The EPB light and the brake light on my 06 passat are constantly flashing and i got two codes that will not clear.

02433 Supply voltage for right parking brake motor - v283
01087 Basic setting not carried out

The scanner will not allow me to cycle the calipers with the codes. Do i need to replace the caliper?

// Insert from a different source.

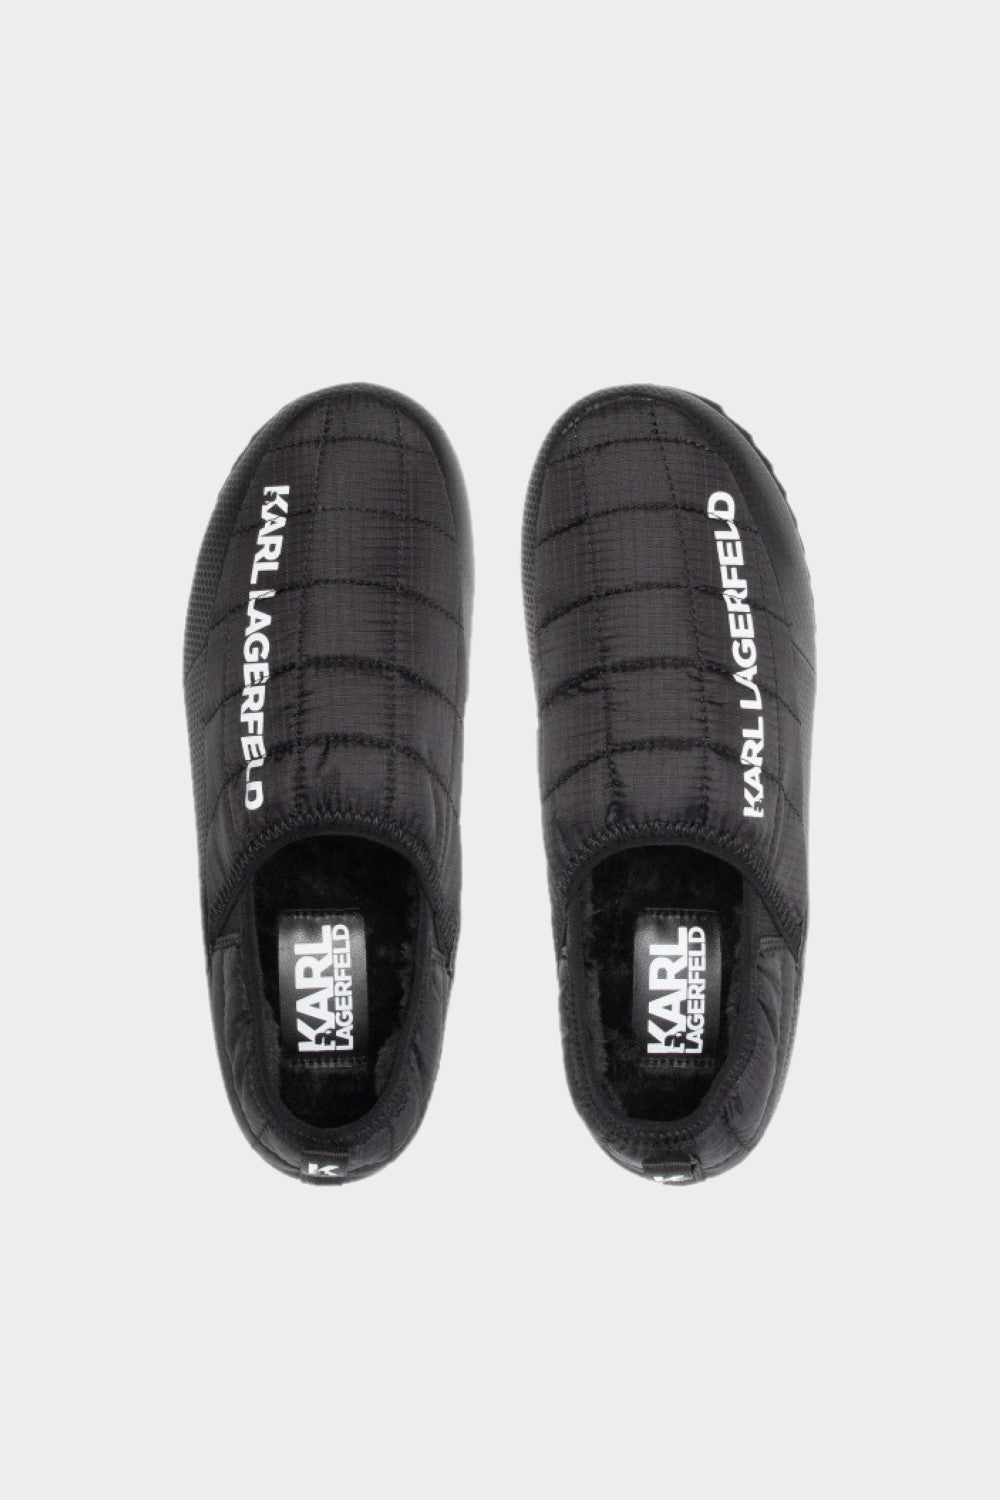 נעלי בית לגברים לוגו KARL LAGERFELD Vendome online | ונדום .

Or is there an adaptation or coding that i need to do?

Sorry for no auto-post, i have the program on a non-internet accessible computer and my jump drive will NOT seem to work to transfer it.

KB


----------



## penclnck (Jan 27, 2003)

Has "Jiffy Brakes" just put rear pads on the car? Have you visually inspected the wiring harness to the right rear caliper?


----------



## braunie4 (Jul 12, 2010)

no brakes done, but pads are about 20% remaining. checked wiring harness, visually ok, but wondering if its ok to unplug it and check the pins. dont wanna create more work for myself if it loses adaptation by being unplugged?


----------



## jetta 971 (Jul 25, 2009)

There is TSB on software update.Probably this is your problem. 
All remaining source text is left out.